### Records to use:
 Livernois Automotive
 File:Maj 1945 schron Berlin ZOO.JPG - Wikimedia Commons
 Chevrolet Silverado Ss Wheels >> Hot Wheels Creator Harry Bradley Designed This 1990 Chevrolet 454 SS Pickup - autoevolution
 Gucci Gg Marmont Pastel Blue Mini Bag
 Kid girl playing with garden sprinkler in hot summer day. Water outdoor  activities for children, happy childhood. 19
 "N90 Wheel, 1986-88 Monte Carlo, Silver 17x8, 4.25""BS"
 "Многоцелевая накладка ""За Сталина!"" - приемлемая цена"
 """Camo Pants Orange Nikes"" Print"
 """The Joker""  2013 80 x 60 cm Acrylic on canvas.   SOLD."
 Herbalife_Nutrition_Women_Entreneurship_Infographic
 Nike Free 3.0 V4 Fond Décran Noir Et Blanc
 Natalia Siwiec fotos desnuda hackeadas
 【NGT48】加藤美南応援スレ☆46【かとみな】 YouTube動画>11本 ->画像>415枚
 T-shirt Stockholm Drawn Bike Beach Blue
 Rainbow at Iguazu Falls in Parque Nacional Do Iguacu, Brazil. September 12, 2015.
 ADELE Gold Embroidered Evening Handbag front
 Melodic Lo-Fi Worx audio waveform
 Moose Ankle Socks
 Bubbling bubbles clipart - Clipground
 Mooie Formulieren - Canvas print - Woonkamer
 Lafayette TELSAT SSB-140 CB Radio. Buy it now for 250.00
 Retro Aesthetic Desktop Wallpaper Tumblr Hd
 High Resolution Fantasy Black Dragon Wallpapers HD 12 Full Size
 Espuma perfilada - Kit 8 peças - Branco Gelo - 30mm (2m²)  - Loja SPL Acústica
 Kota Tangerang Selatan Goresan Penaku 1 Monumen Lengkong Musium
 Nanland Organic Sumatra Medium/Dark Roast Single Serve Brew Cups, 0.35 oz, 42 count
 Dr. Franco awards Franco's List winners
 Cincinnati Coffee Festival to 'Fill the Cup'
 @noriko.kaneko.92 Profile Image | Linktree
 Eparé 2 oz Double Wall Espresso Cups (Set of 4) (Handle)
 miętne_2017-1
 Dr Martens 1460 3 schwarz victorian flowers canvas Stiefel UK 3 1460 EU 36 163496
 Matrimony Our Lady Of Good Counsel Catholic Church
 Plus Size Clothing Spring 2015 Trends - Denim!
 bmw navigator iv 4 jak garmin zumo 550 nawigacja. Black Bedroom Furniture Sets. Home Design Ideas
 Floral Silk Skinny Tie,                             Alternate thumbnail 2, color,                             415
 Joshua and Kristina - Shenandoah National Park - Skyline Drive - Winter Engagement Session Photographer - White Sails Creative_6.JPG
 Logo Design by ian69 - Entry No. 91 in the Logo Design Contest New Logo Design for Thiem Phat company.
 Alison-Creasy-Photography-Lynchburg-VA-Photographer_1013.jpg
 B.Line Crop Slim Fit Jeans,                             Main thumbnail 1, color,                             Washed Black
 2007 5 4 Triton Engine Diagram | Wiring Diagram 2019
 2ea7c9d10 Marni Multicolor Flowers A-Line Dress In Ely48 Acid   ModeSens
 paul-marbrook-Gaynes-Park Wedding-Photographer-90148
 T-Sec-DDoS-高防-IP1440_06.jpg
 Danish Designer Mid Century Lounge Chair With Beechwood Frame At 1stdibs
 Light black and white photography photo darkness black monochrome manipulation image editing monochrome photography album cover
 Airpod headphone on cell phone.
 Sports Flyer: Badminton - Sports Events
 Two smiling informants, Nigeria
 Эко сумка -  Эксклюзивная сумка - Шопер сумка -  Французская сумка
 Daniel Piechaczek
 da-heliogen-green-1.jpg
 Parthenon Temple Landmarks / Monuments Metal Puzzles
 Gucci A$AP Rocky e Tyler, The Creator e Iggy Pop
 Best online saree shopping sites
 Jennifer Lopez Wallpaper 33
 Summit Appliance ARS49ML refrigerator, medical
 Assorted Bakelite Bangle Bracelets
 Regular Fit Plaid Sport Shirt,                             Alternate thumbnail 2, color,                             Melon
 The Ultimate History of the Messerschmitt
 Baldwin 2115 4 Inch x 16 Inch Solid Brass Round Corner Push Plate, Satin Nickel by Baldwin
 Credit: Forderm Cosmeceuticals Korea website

### Assigned task:
Using the data above, print exactly the lines from the line that contains "Gucci Gg Marmont Pastel Blue Mini Bag" through the line that contains "Retro Aesthetic Desktop Wallpaper Tumblr Hd", with both included.

### Answer below:
 Gucci Gg Marmont Pastel Blue Mini Bag
 Kid girl playing with garden sprinkler in hot summer day. Water outdoor  activities for children, happy childhood. 19
 "N90 Wheel, 1986-88 Monte Carlo, Silver 17x8, 4.25""BS"
 "Многоцелевая накладка ""За Сталина!"" - приемлемая цена"
 """Camo Pants Orange Nikes"" Print"
 """The Joker""  2013 80 x 60 cm Acrylic on canvas.   SOLD."
 Herbalife_Nutrition_Women_Entreneurship_Infographic
 Nike Free 3.0 V4 Fond Décran Noir Et Blanc
 Natalia Siwiec fotos desnuda hackeadas
 【NGT48】加藤美南応援スレ☆46【かとみな】 YouTube動画>11本 ->画像>415枚
 T-shirt Stockholm Drawn Bike Beach Blue
 Rainbow at Iguazu Falls in Parque Nacional Do Iguacu, Brazil. September 12, 2015.
 ADELE Gold Embroidered Evening Handbag front
 Melodic Lo-Fi Worx audio waveform
 Moose Ankle Socks
 Bubbling bubbles clipart - Clipground
 Mooie Formulieren - Canvas print - Woonkamer
 Lafayette TELSAT SSB-140 CB Radio. Buy it now for 250.00
 Retro Aesthetic Desktop Wallpaper Tumblr Hd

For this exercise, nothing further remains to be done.